The expression of the FCER1G gene is correlated with the development of various diseases other than RA, and sometimes also affects a prognosis or response to treatment. Previous studies have shown that FCER1G is involved in the development of innate immunity and may be responsible for the development of eczema, meningioma and childhood leukemia [22,48,49]. An increased expression of FCER1G was reported in osteoarthritis cartilage compared to healthy controls [50]. A higher expression level of FCER1G has also been observed in patients with acute myocardial infarction [1]. An association between FCER1G gene expression and clear cell renal cell carcinoma (ccRCC) was also noted. The researchers noted that despite the lack of a close association between FCER1G and cancer, FCER1G expression is significantly higher in cancer cells than in normal kidney tissue. Chronic inflammation mediated by the FCER1G gene was found to be closely associated with oncogenesis [51]. The above conclusions were extended in the studies by Dong and colleagues who noted that FCER1G was more expressed in tumor tissues of ccRCC patients [52].

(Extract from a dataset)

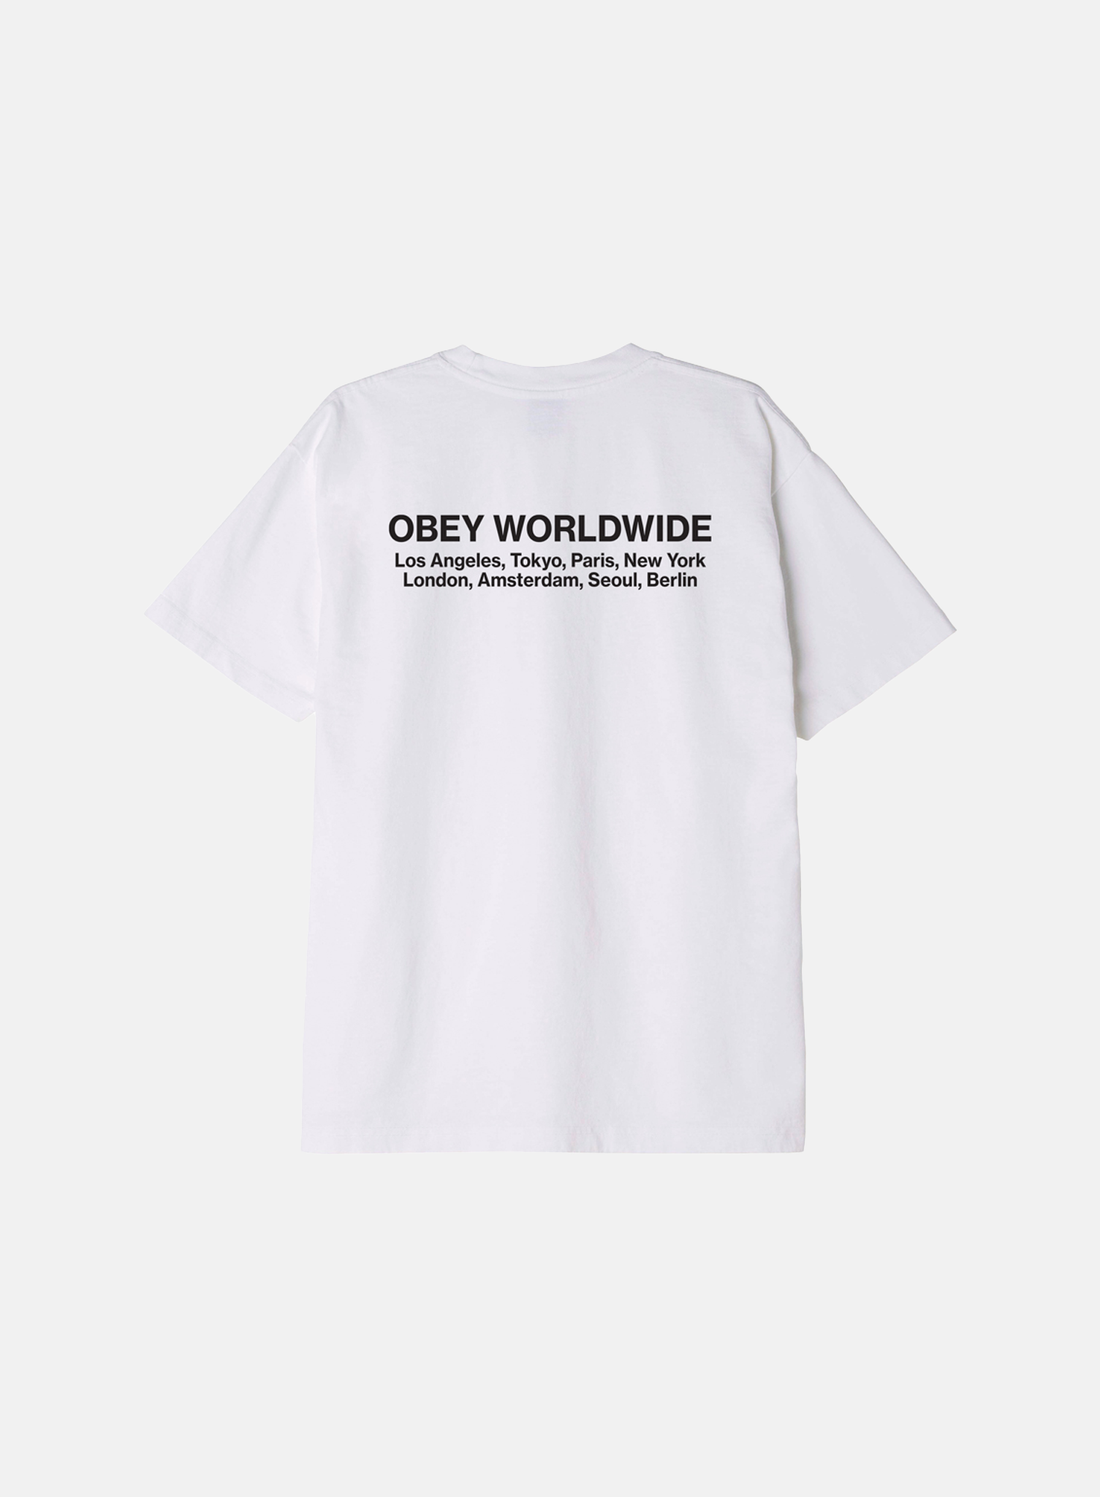 OBEY Worldwide Cities Tee White - Hympala Store

Our study has a few limitations. First of all, the small size of the groups means that further investigations in a larger cohort of patients are necessary to confirm our findings, especially the conclusions regarding the usefulness of FCER1G methylation as a potential marker to distinguish patients with RA and healthy controls. Moreover, subjects were enrolled in one medical center, thus an independent validation cohort is needed. The second limitation is associated with applied methodology. The methylation study was conducted based on the QMSP method, therefore results should be confirmed with a different methodology. Our finding may be considered as a basic study; further experiments are necessary to confirm the role of FCER1G in the development of RA. We compared well-established RA to healthy controls, but further studies including early RA and pre-RA patients as well as cell line models are required to better understand the role of FCER1G in disease development and pathogenesis.

In conclusion, FCER1G methylation levels may be considered as novel supportive markers in well-established RA, independent of disease activity based on DAS28 and unrelated to common laboratory markers of inflammation.